Plug in the yogurt maker to pre-heat it. Into a jug containing up to 1 litre of full fat UHT milk add the two tablespoons of “live” starter. Don’t whisk it in. Slowly stir it in. Then pour it into the yogurt maker, put the lid on and go to bed. That’s what I do.

Next morning, pour the freshly made yogurt into a container and put in the fridge for between 4 and 6 hours. After chilling you can use it for whatever you want.

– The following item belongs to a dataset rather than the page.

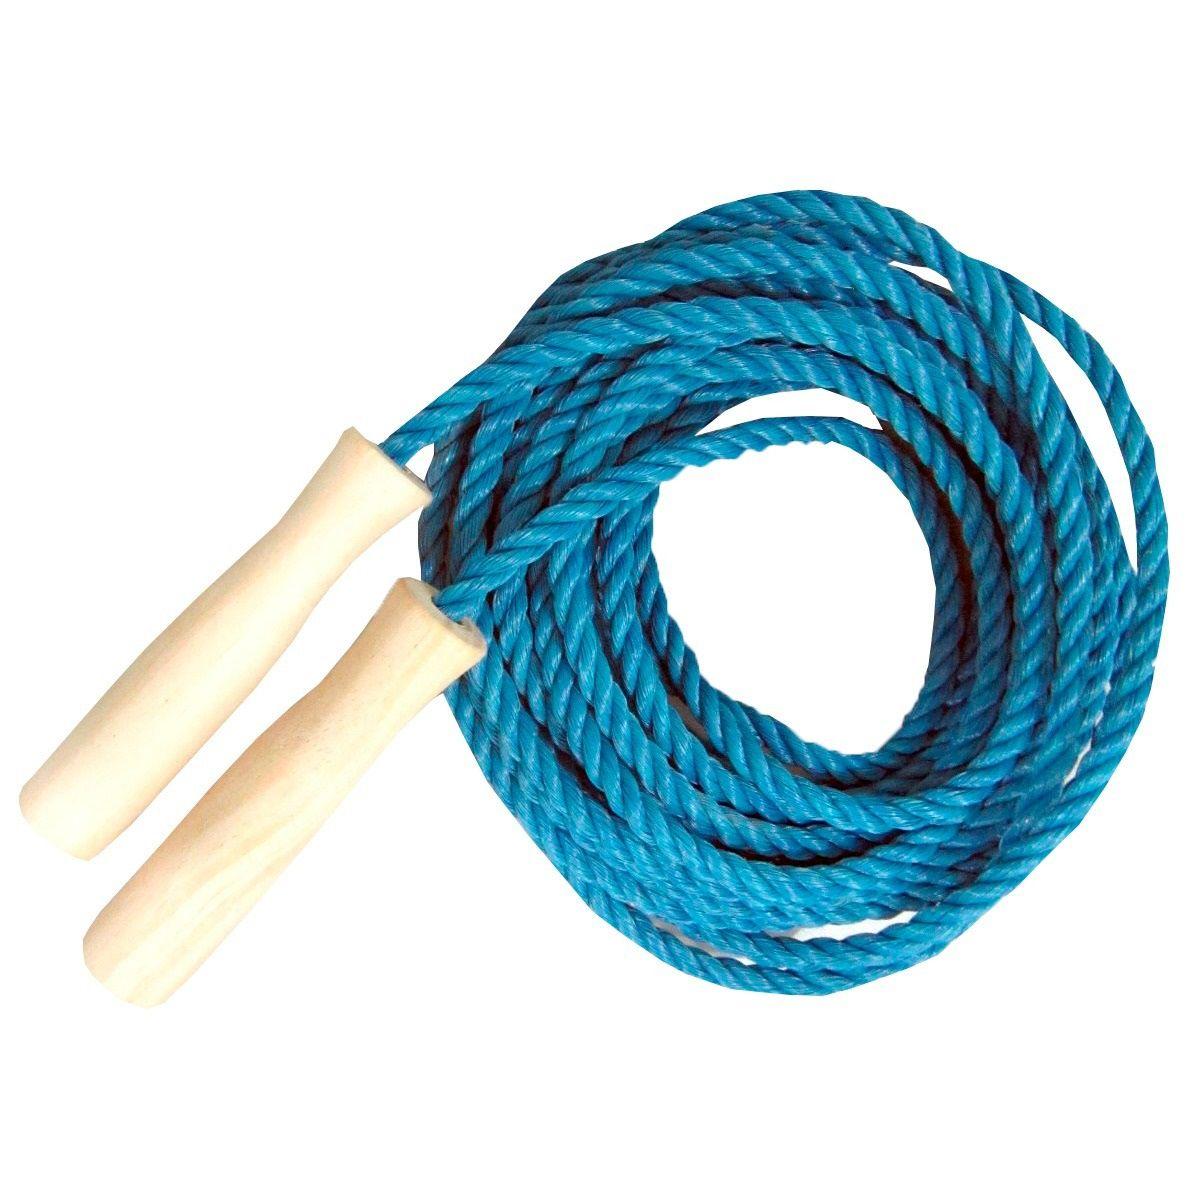 Pula Corda de Sisal Coletivo Azul
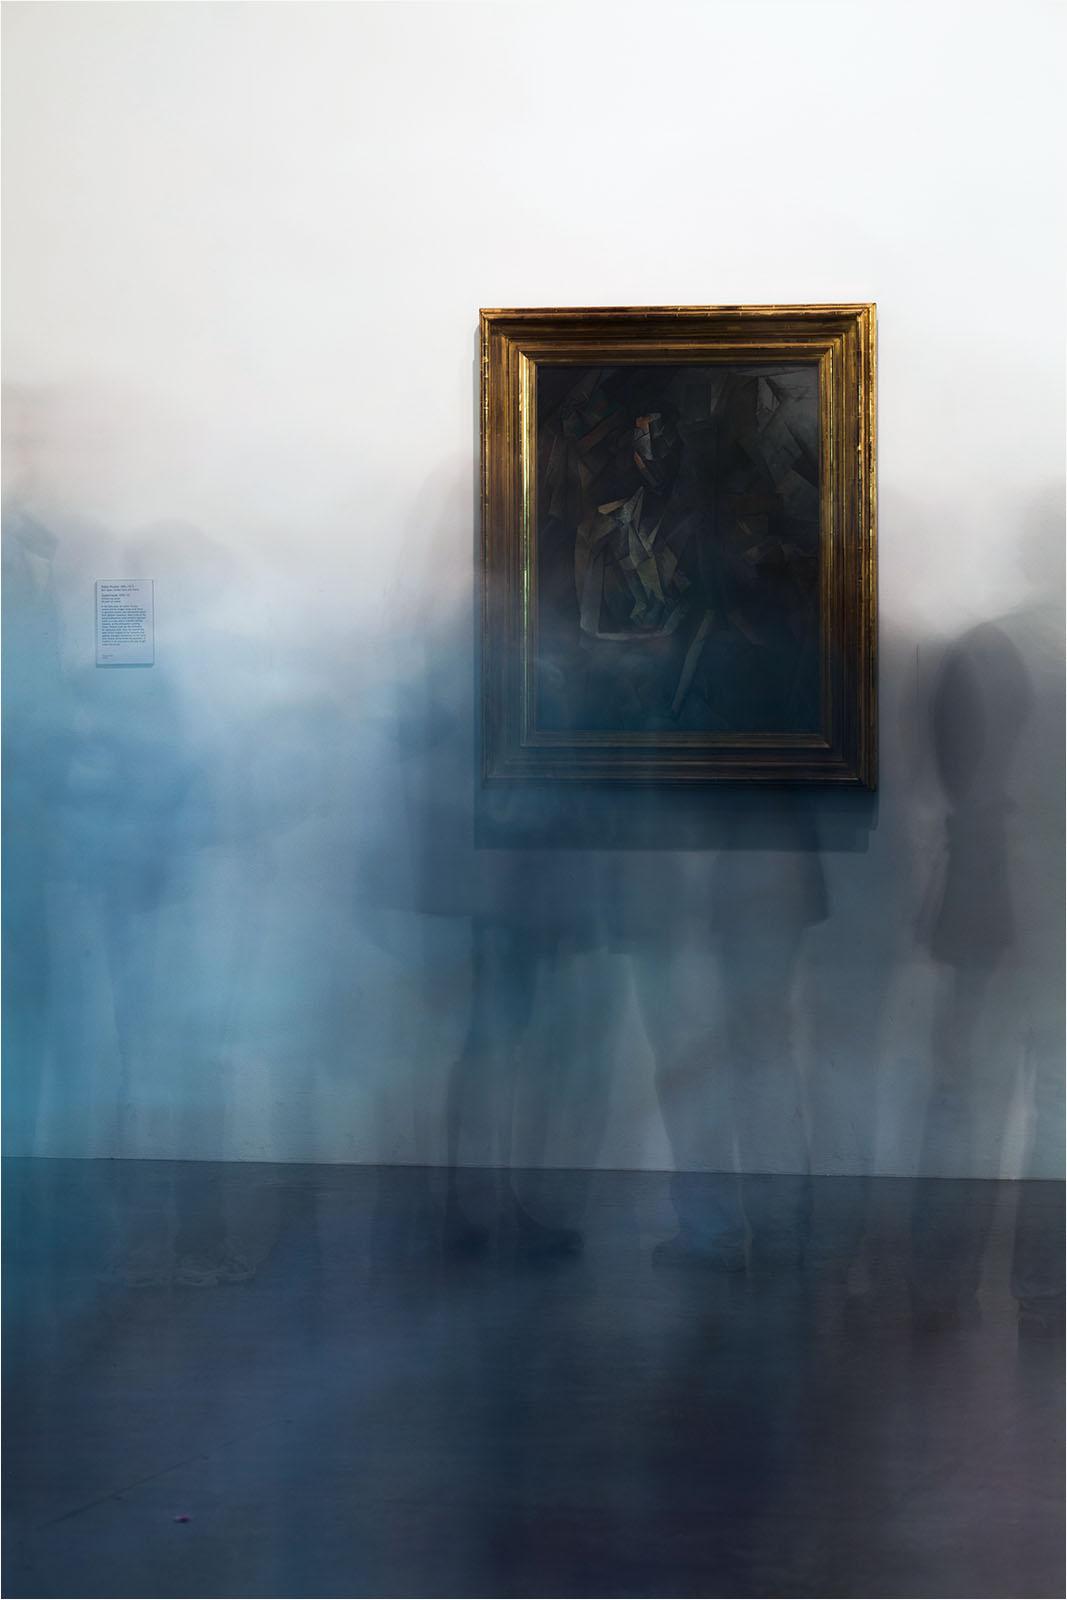 Picasso, Tate Modern, London (2012)

I find making yogurt on a Friday night, perfect. Means I have it to hand throughout the weekend. It reminds me of home when I used to add wild thyme honey, slices of peaches and melon - anything really. And the yogurt always came out consistently thick.


----------



## taxlady

I use an electric heating pad. Before the first time, I tried with a jar of water with a thermometer stuck in the water. That way I could figure out what setting is appropriate for yoghurt making. I did this test over several hours.

With my heating pad, medium can get too high after several hours and low can get too cool. When I make yoghurt, I put cling wrap over the top of the jar of milk/yoghurt culture and stick an instant-read thermometer through the cling wrap. That way it doesn't touch the sides or bottom of the jar and I can read the temperature. I wrap the  heating pad around the jar and tie it in place with a string, though an rubber band would probably work. Next time I will put the jar on a small inverted bowl, because the last time I yoghurt, it seemed that the very bottom of the jar wasn't as warm as the rest.

I don't have a crock pot, so I don't know what sort of temperatures the lowest settings would give. If I had a crock pot, I would do the thermometer test.


----------



## JMediger

I've never made my own but have friends who use powdered milk to thicken.


----------



## blissful

I heat mine up to almost boiling, then cool to 100 degrees, add some plain dannon, stir well, and put in the oven--it's a gas oven with pilot lights and it stays just warm enough, leave it over night.
I strain it if I want it thickened, in a clean flourcloth dishtowel, tied at the top and hung over the sink.


----------